In a recently published article assessing the European Central Bank's monetary policy outlook, "We now expect the ECB to cut its deposit rate by 10bp in March, rather than in December," said ABN AMRO's Head of Financial Markets Research, Nick Kounis, and Senior Economist, Aline Schuiling. "Our base case remains that the central bank will step up net asset purchases to EUR 40bn from April onwards, with the decision also likely at the March Governing Council meeting"
"The case for the ECB to delay the deposit rate cut to March rests on a number of pillars. First of all, the Governing Council may want to have more information about the impact of September’s rate cut given concerns about the adverse impact of more deeply negative interest rates. Second, GDP growth slightly exceeded the ECB’s expectations in Q2, while it may also judge that downside risks related to the trade conflict and a hard Brexit have eased somewhat. Third, it is Christine Lagarde’s first monetary policy meeting as President and she will be leading a divided Governing Council."
"Nevertheless, the case for further monetary stimulus remains strong in our view. At the September Governing Council meeting, the ECB staff published forecasts showing that inflation would be at just 1.5% by the end of 2021, which is not consistent with the price stability goal."

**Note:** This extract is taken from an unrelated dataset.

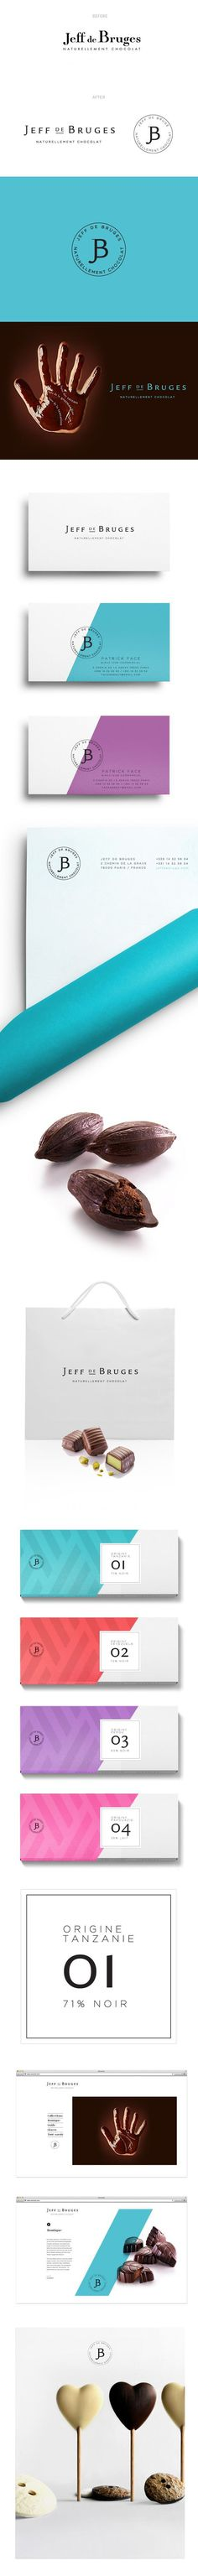 Jeff de Bruges #brand #identity

"So the December projection for inflation in 2021 will still show 1.5% – at best. Indeed, recently the European Commission published new forecasts showing it expected inflation to be 1.3% at the end of 2021. The ECB may try to window dress the situation – as it has done in the past – by publishing a more bullish forecast for the following year. Indeed, in December, the ECB will for the first time publish projections for 2022. However, this strategy is losing credibility and this is reflected a disanchoring of various measures of inflation expectations. Finally, we continue to see GDP growth and inflation disappointing current ECB estimates."